Frenkel decided to send a written request to VKontakte to close the group. Many of her friends followed suit. They soon received a rejection letter. The social network’s administrators explained there was nothing illegal in the information contained in the community. “If you do not like the group, do not look at their materials. We close only those groups which directly threaten someone’s life.” This was the response from VKontakte management.

This explanation did not hold water, says Frenkel. She notes that VKontakte’s published rules contain a list of actions prohibited by company management. Paragraph “e” disallows the “incitement of racial, religious, and ethnic hatred, as well as the promotion of fascism or racial supremacist ideology.” In the group Morality, which was completely open to the public, one could see many images of swastikas and direct calls for violence. Examining group moderator Mikhail Kuzmin’s personal page, Novye Izvestia also found many images of Nazi symbols. In some photos, he was posed in a Wehrmacht uniform; in others, in front of a Russian imperial tricolor.

Initially, VKontakte administrators really did see nothing illegal about the group, the social network’s press secretary Georgy Lobushkin explained to Novye Izvestia.

“There are many discussion communities where users discuss various issues. We do not block them, even if some comments are outside the scope of the Constitution,” he said in conversation with Novye Izvestia. However, “after a more thorough study of this group, experts nevertheless concluded that it contains incitements to violence.”

Two weeks passed between the time of Frenkel’s complaint and the group’s closure. She believes the reason for a more thorough review of her complaint was several reports in the media and the broad publicity they generated.

Although the group Morality has been closed, Novye Izvestia has found a number of similar communities where Frenkel’s identity and ethnicity continue to be discussed to the hilt.

As Novye Izvestia reported yesterday, early in the week, a court ordered Smolensk journalist Polina Petruseva to pay a fine of 1,000 rubles for “promoting Nazi symbols.” The court case was occasioned by Petruseva’s publishing a photograph of her own building’s backyard during World War Two on her social network page. The photograph shows German soldiers standing in formation next to the flag of the Third Reich. On Tuesday, the Russian Constitutional Court confirmed the ban on displaying any Nazi paraphernalia or symbols.

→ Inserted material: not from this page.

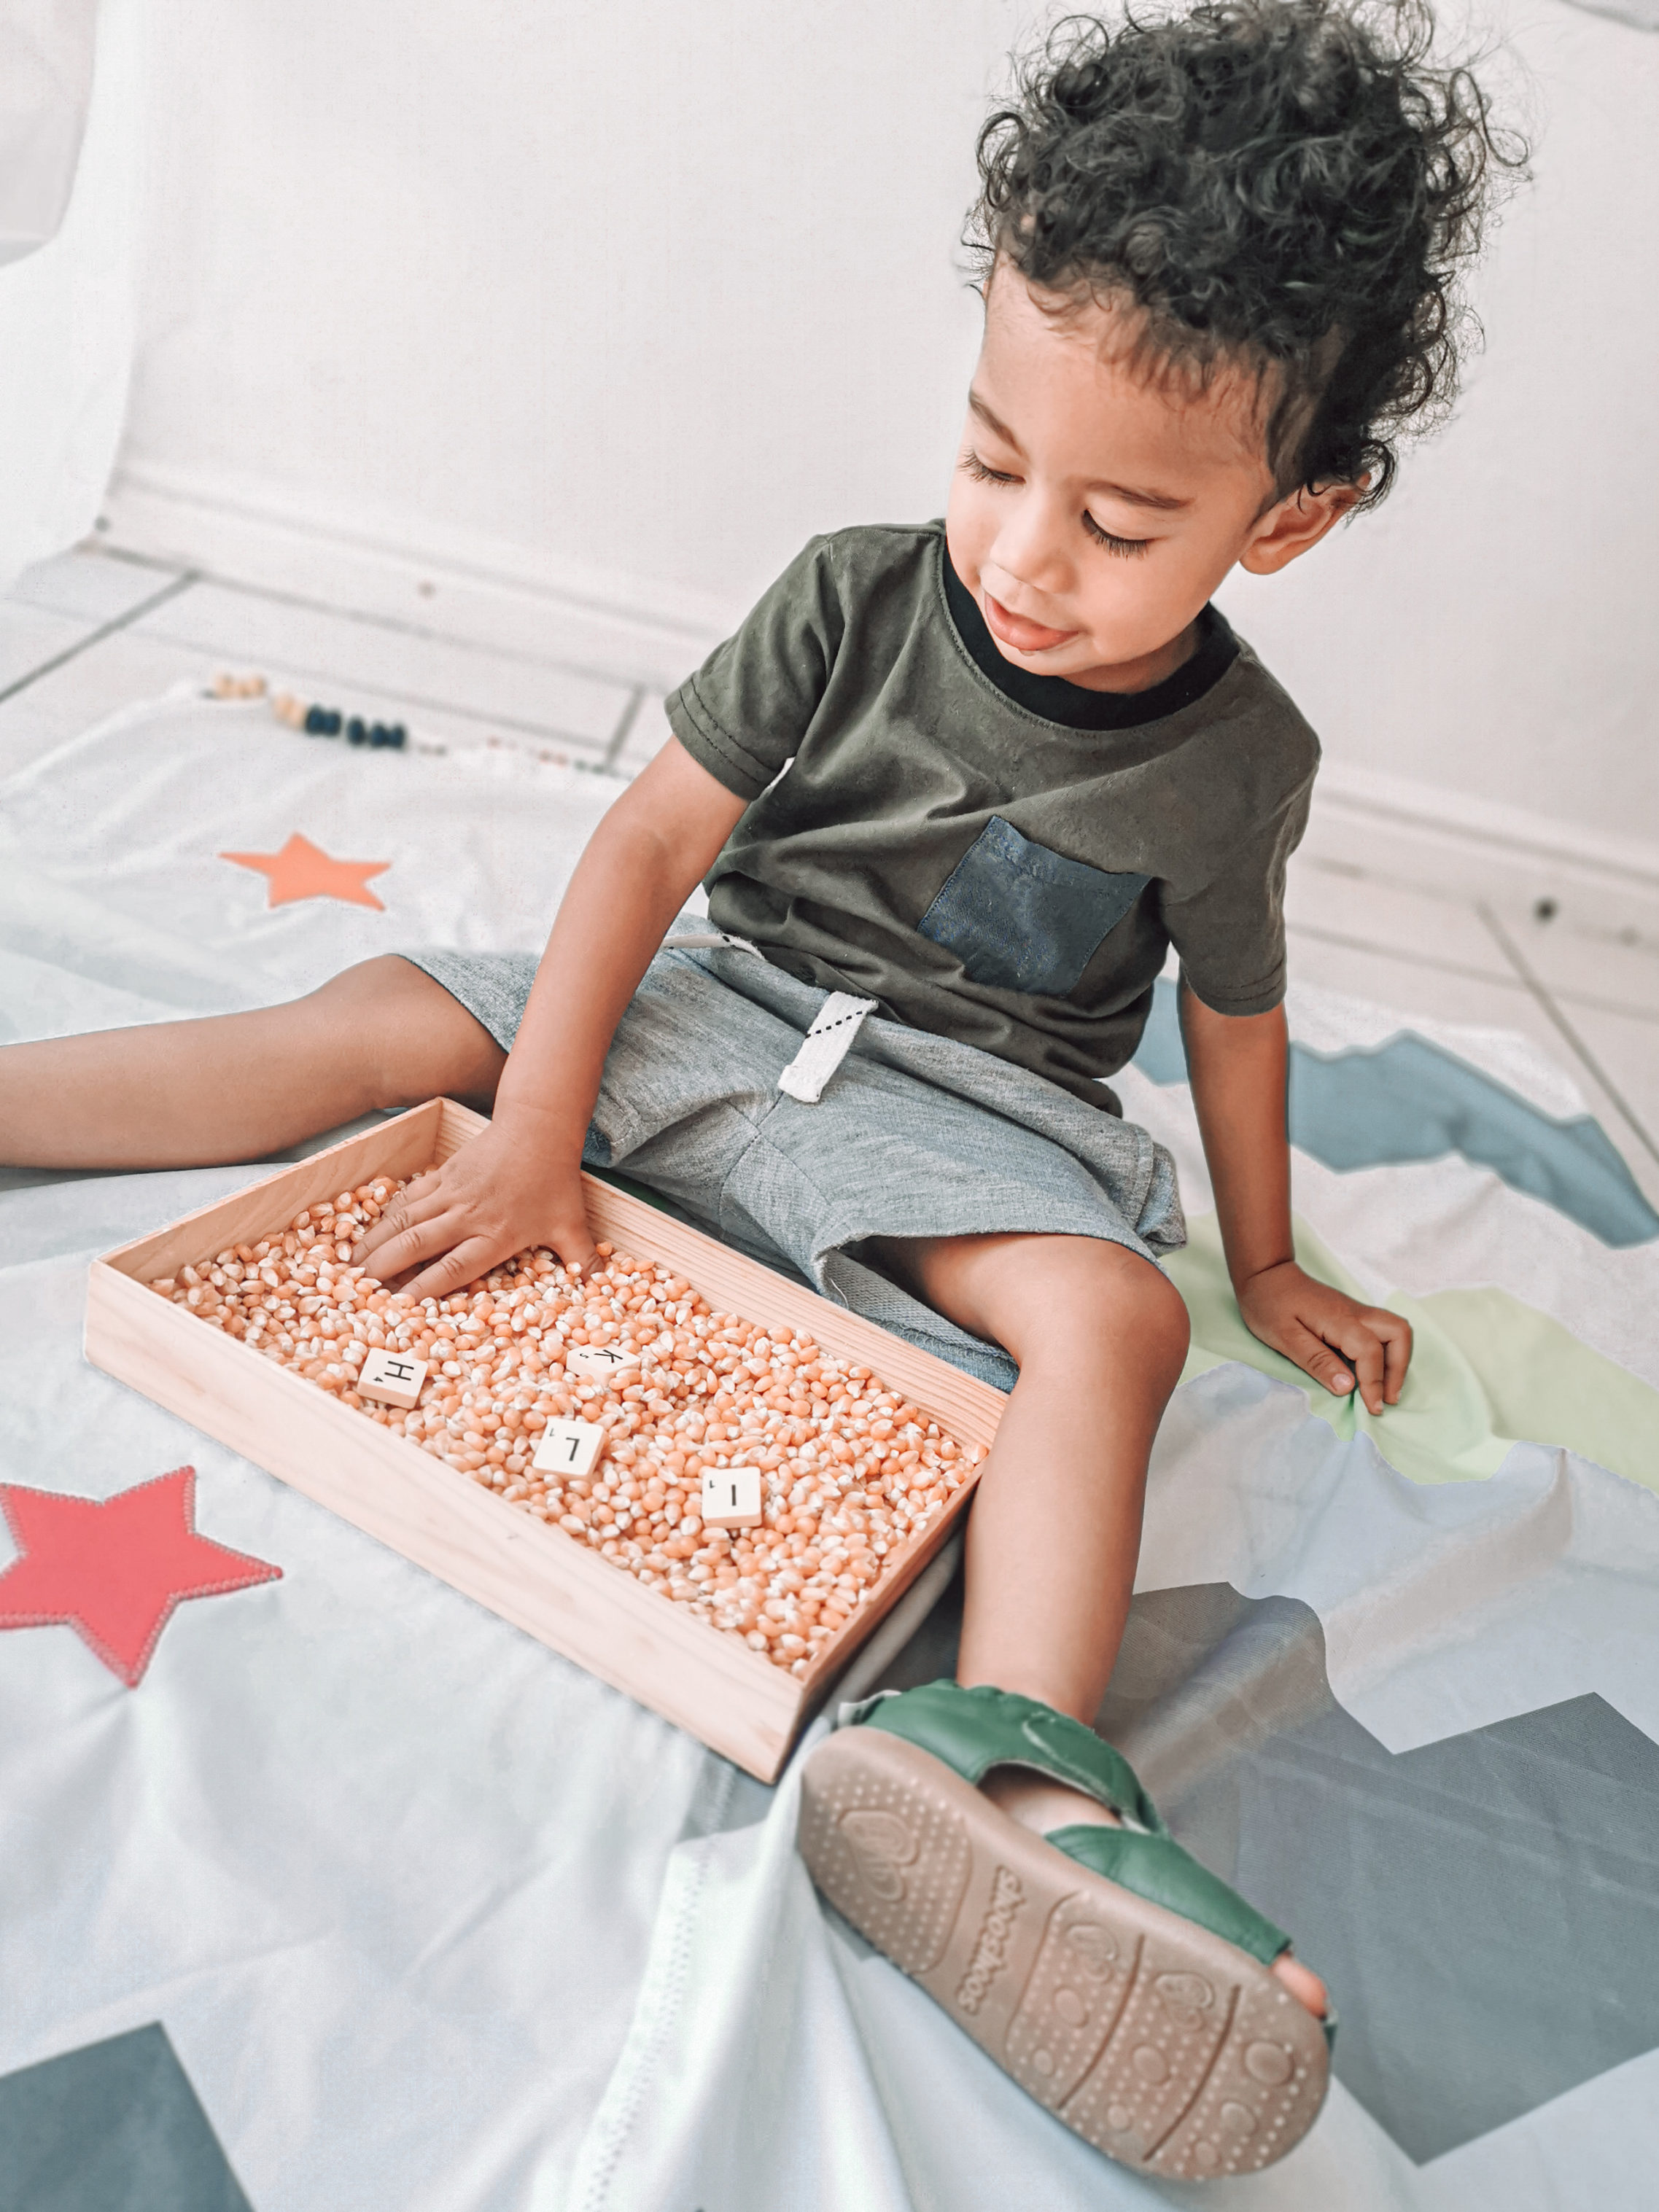 Pop corn sensory box

But law enforcement agencies have not yet responded to the controversy involving Leokadia Frenkel. The police are reluctant to accept such complaints, because there is almost no mechanism for working with such cases, Mikhail Pashkin, chair of the Moscow Police Union’s coordinating council, told Novye Izvestia. According to him, criminal charges are filed in such instances only to make an example of someone, “which is probably what happened in the case of the journalist from Smolensk.”